TASK PROMPT:
Within the entries below, the lines from the one with "Caldo Orientale Officina" through the one with "Pantalone PUMA DOUBLE W S5235217 scatto 2" are to be set down exactly, both ends kept.

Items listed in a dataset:

___

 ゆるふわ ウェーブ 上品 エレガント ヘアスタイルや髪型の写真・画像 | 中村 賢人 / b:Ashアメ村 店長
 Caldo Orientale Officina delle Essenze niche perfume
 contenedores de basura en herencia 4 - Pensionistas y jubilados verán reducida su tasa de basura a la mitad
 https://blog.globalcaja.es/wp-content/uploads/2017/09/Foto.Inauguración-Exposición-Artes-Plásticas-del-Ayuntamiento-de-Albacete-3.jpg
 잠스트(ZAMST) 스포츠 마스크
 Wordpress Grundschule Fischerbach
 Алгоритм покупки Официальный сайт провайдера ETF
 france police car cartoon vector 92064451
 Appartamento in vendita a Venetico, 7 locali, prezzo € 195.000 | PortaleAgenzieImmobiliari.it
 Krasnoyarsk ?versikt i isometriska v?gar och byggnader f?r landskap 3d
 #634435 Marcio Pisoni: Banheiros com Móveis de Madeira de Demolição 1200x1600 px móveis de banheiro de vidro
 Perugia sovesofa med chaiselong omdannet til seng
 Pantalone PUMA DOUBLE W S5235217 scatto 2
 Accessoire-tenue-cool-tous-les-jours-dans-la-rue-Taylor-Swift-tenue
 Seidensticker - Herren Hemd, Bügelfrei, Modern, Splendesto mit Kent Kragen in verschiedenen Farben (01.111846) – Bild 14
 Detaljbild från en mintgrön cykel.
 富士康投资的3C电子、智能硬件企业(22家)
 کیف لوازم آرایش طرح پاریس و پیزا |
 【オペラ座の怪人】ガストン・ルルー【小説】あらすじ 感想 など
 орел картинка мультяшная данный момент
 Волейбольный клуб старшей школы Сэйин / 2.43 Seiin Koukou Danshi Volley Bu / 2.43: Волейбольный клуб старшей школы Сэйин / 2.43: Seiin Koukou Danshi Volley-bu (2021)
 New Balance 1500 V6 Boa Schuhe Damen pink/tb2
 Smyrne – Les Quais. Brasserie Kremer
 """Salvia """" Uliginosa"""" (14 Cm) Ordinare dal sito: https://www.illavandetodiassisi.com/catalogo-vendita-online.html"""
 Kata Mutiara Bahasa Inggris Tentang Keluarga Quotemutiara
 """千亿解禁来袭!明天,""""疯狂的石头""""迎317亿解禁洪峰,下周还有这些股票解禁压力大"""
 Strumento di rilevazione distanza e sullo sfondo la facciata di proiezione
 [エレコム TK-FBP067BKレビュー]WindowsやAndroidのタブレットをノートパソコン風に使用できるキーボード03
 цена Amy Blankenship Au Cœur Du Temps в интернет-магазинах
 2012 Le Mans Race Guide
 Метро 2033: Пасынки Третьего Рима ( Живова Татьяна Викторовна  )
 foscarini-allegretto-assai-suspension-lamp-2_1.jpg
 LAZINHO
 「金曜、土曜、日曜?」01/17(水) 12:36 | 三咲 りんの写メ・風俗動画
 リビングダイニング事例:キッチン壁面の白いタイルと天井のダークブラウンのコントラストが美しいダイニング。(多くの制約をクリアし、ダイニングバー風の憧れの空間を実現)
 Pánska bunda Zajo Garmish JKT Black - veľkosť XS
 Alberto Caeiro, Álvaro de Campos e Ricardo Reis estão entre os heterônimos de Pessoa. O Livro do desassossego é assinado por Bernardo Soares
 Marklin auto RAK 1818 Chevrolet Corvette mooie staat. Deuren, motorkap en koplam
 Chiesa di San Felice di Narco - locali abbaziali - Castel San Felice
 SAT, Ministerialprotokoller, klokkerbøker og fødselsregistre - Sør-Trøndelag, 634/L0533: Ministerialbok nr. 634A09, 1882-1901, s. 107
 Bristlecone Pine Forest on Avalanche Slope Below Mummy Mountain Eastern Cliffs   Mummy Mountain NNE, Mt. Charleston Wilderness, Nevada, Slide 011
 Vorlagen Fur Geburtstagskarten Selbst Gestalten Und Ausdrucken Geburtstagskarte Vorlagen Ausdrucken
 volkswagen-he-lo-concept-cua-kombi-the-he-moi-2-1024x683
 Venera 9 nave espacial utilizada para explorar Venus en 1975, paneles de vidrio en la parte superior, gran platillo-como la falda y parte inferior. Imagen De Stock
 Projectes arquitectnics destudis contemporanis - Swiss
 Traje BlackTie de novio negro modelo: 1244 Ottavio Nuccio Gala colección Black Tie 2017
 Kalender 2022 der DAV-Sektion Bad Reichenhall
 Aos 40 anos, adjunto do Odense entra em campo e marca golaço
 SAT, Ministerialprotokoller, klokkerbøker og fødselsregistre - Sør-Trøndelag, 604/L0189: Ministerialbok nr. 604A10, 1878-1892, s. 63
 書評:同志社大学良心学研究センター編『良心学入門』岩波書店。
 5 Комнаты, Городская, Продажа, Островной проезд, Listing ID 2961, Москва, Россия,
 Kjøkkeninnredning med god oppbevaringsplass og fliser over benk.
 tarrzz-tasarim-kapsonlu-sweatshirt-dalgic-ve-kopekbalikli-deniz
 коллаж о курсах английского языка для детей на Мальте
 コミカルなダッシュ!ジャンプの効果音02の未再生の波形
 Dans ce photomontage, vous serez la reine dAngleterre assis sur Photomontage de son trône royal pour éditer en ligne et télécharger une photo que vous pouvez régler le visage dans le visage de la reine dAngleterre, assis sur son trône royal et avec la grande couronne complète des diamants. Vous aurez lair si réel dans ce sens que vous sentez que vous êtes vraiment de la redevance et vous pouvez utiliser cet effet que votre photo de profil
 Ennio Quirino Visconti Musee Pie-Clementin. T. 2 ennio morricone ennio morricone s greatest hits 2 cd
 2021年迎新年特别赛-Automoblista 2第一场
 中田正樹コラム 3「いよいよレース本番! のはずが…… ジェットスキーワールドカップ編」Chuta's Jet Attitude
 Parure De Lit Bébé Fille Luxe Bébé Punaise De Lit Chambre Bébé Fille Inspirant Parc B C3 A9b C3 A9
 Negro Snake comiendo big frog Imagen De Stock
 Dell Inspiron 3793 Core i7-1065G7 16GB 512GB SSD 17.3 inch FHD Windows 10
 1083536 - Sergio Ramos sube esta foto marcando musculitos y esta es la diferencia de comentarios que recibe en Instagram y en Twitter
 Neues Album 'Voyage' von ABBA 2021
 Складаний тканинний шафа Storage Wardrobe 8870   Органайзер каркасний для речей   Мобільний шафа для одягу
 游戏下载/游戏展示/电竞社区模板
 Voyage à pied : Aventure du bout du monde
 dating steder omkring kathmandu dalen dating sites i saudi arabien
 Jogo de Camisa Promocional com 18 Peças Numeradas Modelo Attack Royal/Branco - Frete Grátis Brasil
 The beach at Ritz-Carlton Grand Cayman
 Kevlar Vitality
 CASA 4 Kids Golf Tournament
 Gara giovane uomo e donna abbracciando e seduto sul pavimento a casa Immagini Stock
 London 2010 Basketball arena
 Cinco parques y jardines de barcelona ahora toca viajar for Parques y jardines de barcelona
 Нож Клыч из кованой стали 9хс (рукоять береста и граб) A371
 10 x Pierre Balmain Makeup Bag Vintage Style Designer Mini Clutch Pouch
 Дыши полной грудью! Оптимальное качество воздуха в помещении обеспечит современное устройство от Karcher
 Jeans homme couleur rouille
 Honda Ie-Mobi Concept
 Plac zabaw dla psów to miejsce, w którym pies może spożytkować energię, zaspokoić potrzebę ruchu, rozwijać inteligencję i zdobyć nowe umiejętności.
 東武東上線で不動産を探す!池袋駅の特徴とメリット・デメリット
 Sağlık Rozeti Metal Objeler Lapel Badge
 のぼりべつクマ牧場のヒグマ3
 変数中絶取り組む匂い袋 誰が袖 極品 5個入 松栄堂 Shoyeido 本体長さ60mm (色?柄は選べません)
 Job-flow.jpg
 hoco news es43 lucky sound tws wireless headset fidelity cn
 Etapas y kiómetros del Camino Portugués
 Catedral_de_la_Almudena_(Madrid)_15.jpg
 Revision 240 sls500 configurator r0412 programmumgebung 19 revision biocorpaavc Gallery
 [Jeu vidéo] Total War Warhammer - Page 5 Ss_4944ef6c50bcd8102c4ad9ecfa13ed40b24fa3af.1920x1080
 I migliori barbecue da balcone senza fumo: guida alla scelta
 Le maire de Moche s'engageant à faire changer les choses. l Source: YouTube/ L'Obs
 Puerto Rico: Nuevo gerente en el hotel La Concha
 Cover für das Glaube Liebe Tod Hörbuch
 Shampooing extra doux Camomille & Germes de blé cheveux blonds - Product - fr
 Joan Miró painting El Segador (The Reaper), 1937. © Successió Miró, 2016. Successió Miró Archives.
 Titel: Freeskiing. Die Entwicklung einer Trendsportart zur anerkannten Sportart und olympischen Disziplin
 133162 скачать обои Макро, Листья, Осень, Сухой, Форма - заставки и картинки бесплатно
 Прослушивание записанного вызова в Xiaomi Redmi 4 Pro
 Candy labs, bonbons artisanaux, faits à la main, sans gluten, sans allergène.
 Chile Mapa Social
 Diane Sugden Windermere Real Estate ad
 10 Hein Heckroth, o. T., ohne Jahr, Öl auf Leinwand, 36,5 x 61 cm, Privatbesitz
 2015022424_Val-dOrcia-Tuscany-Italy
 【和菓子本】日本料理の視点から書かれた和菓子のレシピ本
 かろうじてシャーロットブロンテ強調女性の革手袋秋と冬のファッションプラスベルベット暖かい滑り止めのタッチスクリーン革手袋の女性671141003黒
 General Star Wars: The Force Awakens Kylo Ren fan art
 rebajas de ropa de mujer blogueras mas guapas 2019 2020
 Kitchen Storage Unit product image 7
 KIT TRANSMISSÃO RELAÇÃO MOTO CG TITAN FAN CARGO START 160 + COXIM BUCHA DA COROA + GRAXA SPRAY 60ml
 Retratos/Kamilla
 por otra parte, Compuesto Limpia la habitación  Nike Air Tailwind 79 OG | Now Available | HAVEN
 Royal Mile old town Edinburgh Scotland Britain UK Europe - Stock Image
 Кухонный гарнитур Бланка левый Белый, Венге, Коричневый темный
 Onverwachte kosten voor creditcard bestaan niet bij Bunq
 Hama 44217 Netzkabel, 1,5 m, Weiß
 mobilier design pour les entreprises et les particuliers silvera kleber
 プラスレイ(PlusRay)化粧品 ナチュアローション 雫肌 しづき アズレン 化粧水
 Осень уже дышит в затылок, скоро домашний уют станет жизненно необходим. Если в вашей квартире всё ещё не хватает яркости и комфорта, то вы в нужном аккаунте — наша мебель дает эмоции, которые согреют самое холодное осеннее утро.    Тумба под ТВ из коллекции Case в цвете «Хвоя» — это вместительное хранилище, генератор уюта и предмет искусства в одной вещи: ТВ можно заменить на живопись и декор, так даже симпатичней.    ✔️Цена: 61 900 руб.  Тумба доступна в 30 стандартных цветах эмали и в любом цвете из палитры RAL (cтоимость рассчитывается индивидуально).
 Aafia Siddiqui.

___

EXERCISE ANSWER:
 Caldo Orientale Officina delle Essenze niche perfume
 contenedores de basura en herencia 4 - Pensionistas y jubilados verán reducida su tasa de basura a la mitad
 https://blog.globalcaja.es/wp-content/uploads/2017/09/Foto.Inauguración-Exposición-Artes-Plásticas-del-Ayuntamiento-de-Albacete-3.jpg
 잠스트(ZAMST) 스포츠 마스크
 Wordpress Grundschule Fischerbach
 Алгоритм покупки Официальный сайт провайдера ETF
 france police car cartoon vector 92064451
 Appartamento in vendita a Venetico, 7 locali, prezzo € 195.000 | PortaleAgenzieImmobiliari.it
 Krasnoyarsk ?versikt i isometriska v?gar och byggnader f?r landskap 3d
 #634435 Marcio Pisoni: Banheiros com Móveis de Madeira de Demolição 1200x1600 px móveis de banheiro de vidro
 Perugia sovesofa med chaiselong omdannet til seng
 Pantalone PUMA DOUBLE W S5235217 scatto 2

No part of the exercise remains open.